In pineta jogging, in spiaggia file per accaparrarsi ombrelloni e lettini a modiche cifre quali cinquanta euro al giorno, qualcuno parlava a voce alta, qualcun altro rideva, c’era chi sorseggiava Mojito e chi caffè con il latte di mandorla.

Pensava che, nonostante tutto, la scenografia aveva qualcosa di salvabile, poiché in fin dei conti la gente stava vivendo, sebbene non ci fosse proprio nulla da vivere: mai momento fu più incerto, nessuno poteva sapere se avrebbero avuto un futuro, quale e come sarebbe stato. Eppure quasi tutti se ne infischiavano e riempivano di vita ciò che di vita pareva restare.

Quel giorno nessuno aveva fretta ed era forse per questo che si potevano scorgere tante più cose del solito, nonostante quel caos dissoluto e stucchevolmente eccessivo.

È che si vedeva oltre il cincischiato: molte di quelle donne probabilmente sognavano solo di poter scoppiare in un pianto liberatorio che confondesse le lacrime con l’acqua salmastra, senza doverlo nascondere e senza dover dare spiegazioni; molti di quegli uomini avrebbero voluto ammettere di essere solo ed incolpevolmente fragili, poter mollare un attimo la presa e chiedere conto di quella delicatezza che, poiché nascosta, creava cumuli e cumuli di sciupio.

Si sentiva l’eco dei rimproveri che ognuno di loro aveva evitato a sé stesso e rigirato, forse sovente, forse molto di rado, su ciascuno degli altri; ed intanto si tesseva la perfetta mappa di tanti cammini diversi che avevano fatto la storia di ciascuno. Sì trattava di carte geografiche disseminate di sentieri non scorti, saltati e sprecati dove loro stessi non avrebbero mai più potuto fare ritorno.

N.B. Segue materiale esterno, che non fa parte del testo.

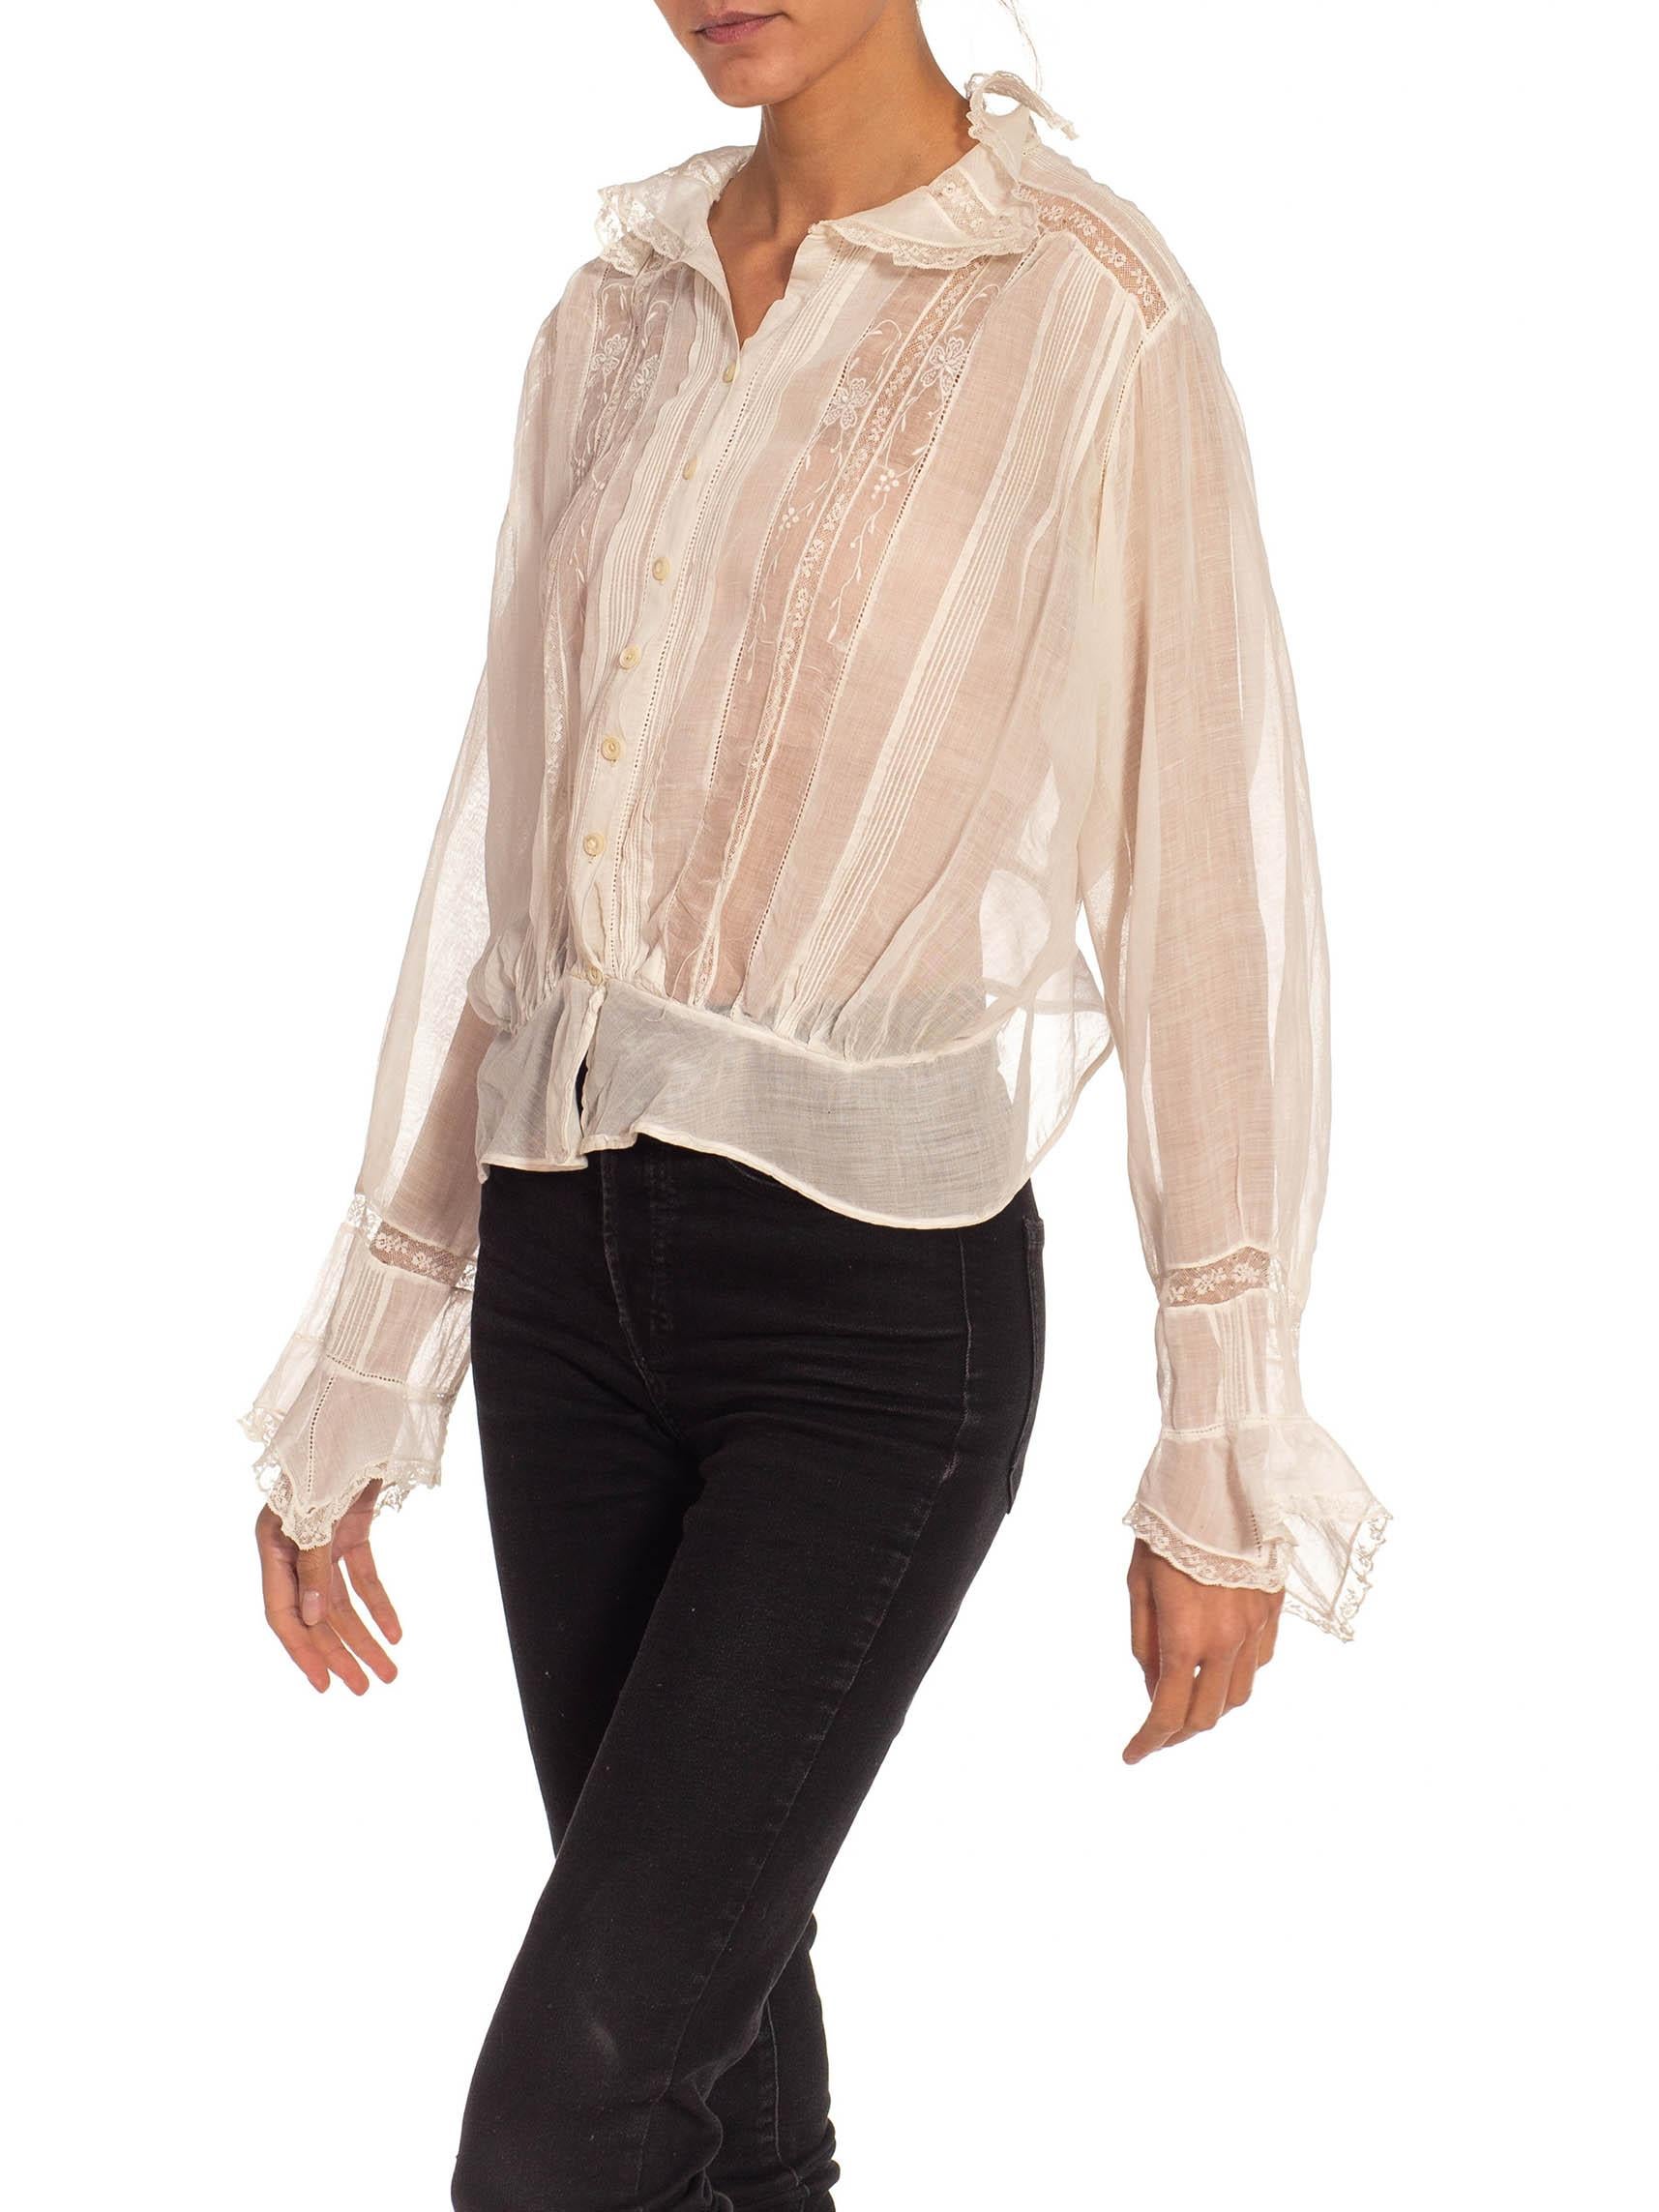 Victorian White Embroidered Cotton Button Up Shirt With Long Sleeves For Sale 4

Chissà cosa sarebbe stato di ciascuna delle persone che componevano quell’apparente massa informe e colorata, chissà se avrebbero trovato un modo per trasformarsi in una tela di Picasso; magari sarebbero invece diventati quadri di Paul Klee, con i pezzi del corpo sparsi qua e là, non per questo mancanti però.

Nulla, nulla era dato sapere se non che il punto di vista di quell’osservatore era lo stesso di chi aveva avuto il regalo di amare la possibilità di stare fermo a guardare, di concentrarsi a sentire, di non muoversi per farsi nutrire, insieme ai momenti necessari per incassare.

Alla fine era tutto come un dipinto con la sua esclusiva base musicale in cui era del tutto inutile rincorrere il giorno per far arrivare la notte, sfuggire al buio per aspettare il sole, bypassare l’inverno per mettere fretta all’estate.

L’esistenza seguiva sempre ed ineludibilmente il suo corso e la volontà di chi decideva per tutti, in una cornice dal sapore inarrivabile: un dipinto dallo sfondo bianco con un cuore disegnato nelle sue perfette e rossissime forme anatomiche, compreso di fratture e derivazioni: poca acqua per tanta sete, tanta vita per poco e niente, sarebbe stata una buona didascalia, sebbene qualcuno l’avesse già scritta.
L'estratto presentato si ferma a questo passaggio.